Congratulations to the winners of tickets to the Dar Williams concert at the Minnesota Zoo next week - Mike of White Bear Township, David of Crystal and Don in West St. Paul.
Radio Heartland has more tickets to give away - this time to an Americana Songwriter's Showcase at the Rochester Civic Theater next Wednesday, August 19th. The evening features Chris Knight of Nashville, Brandon Sampson and Dezi Wallace of the band Six Mile Grove, and The Porchlights (Martin Devaney and Jake Hyer). Use the online form to enter your name in the drawing, and as always, obey the rules. Good luck.
What's this about Les Paul's mother?
She was a co-inventor of Les Paul, to begin with. You've got to give her credit.
The guitarist and restless tinkerer died yesterday at the age of 94. He developed the electric guitar and multi-track recording, two necessary technologies for modern popular music. Much has already been said about Les Paul's trailblazing, but consider what it meant to have a child who was a compulsive deconstructor and re-assembler of household items.
The New York Times obituary described a moment when Les Paul was 10 years old.

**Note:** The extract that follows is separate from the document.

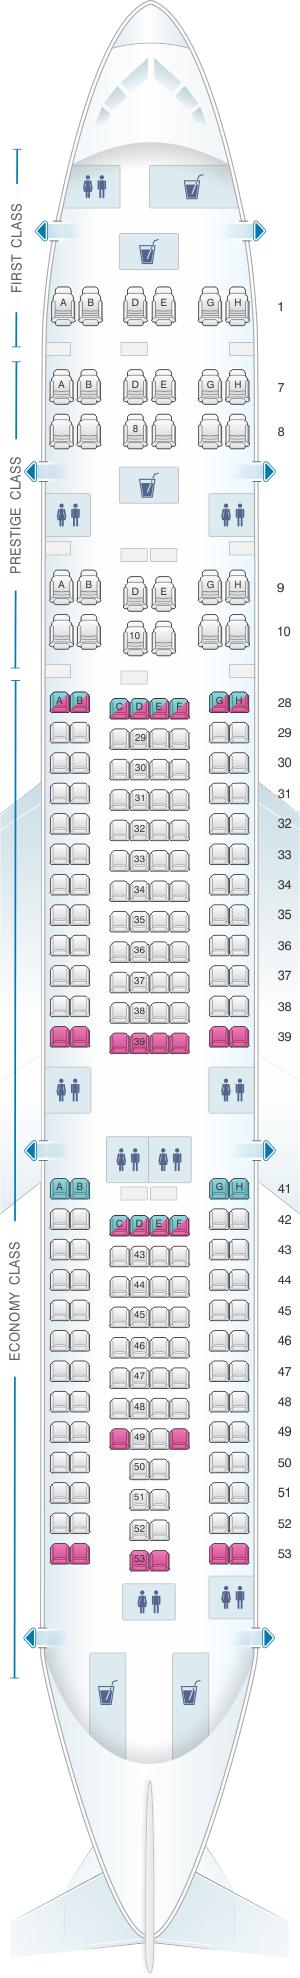 Seat map for Korean Air Airbus A330 200 218PAX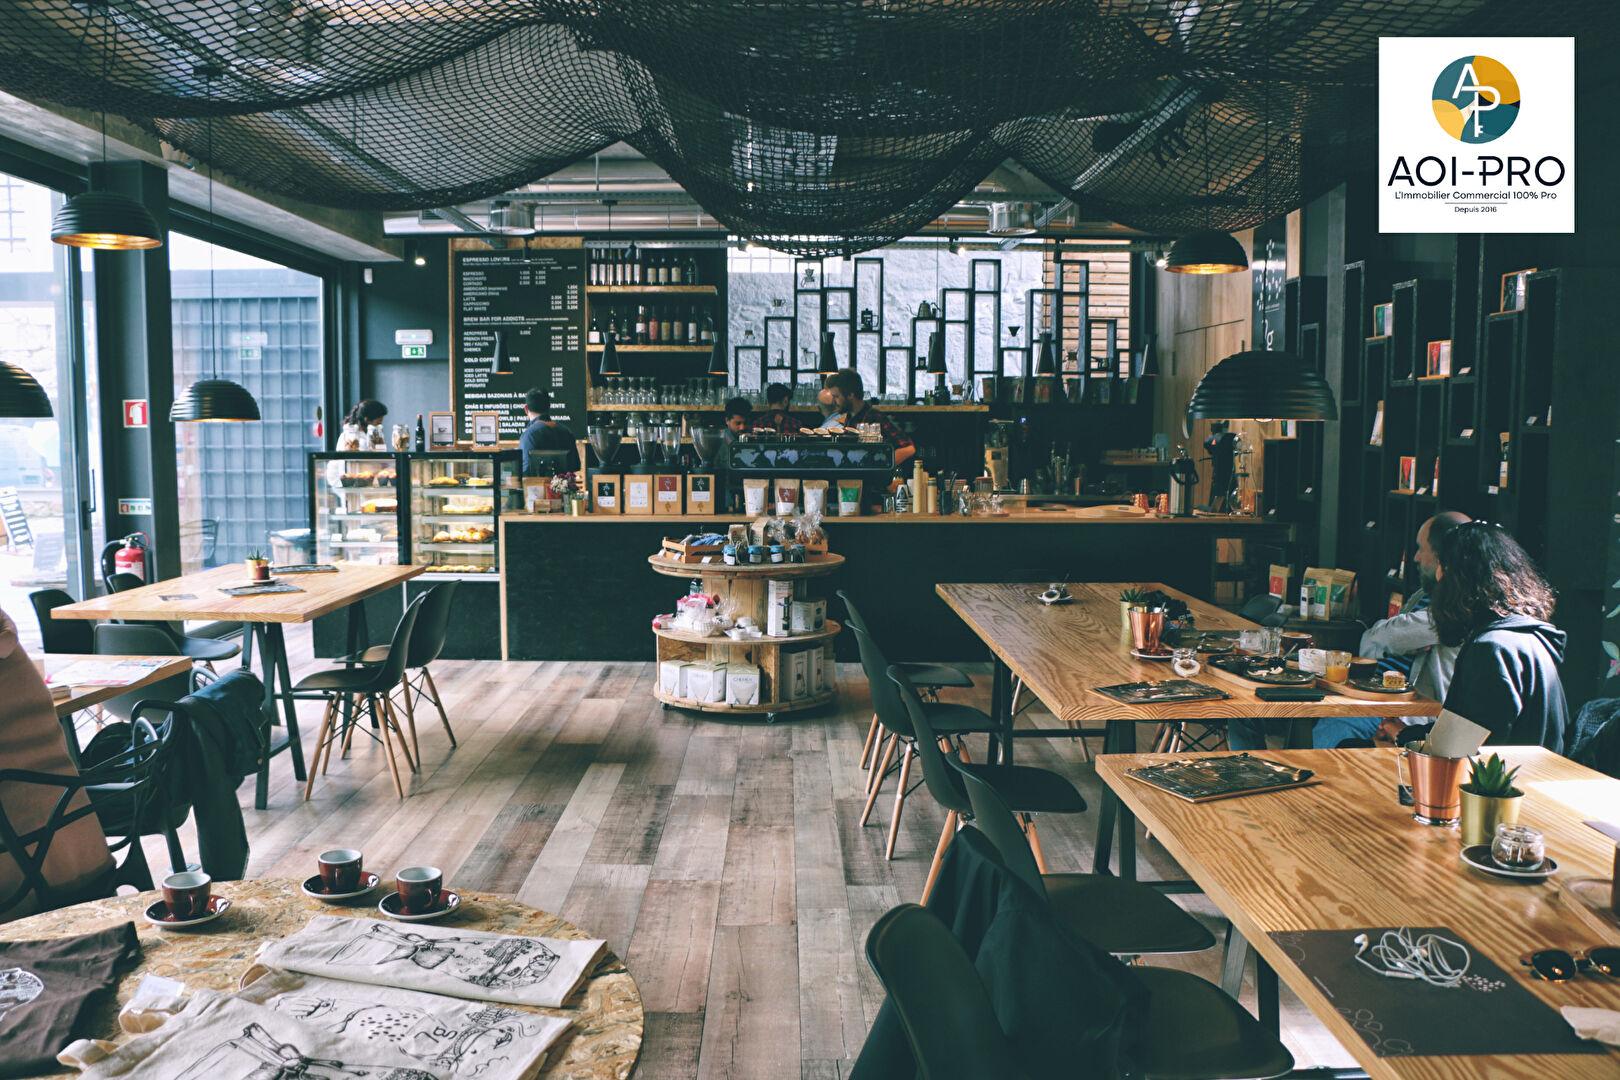 Restaurant à vendre - 480.0 m2 - 33 - Gironde

He devised a harmonica holder from a coat hanger. Soon afterward he made his first amplified guitar by opening the back of a Sears acoustic model and inserting, behind the strings, the pickup from a dismantled Victrola. With the record player on, the acoustic guitar became an electric one.
From reading the accounts, one gets the impression no household item was safe from experimentation.
In a 2008 interview with the Times, Paul described another amplification effort that came about because somebody left a note at one of his performances saying "Your guitar is not loud enough." He took the magnet and coils out of a telephone receiver, put them under a guitar string attached to a piece of railroad iron he'd found, and connected the contraption to his mother's radio.
"And so I ran to my mother and said, 'I found it, I found the most beautiful sound I've ever heard.' And she said, 'the day you see a cowboy on a horse playing a piece of railroad track ...' I says, 'Mom, I got the message', and I went to work on wood - and shaping it like a woman, like a girl, OK? And to get that shape and to get that sweet sound and finally I got it, and this took years and years of continued working on it, and it took it to the manufacturers and they kept turning it down, saying that this is a novelty."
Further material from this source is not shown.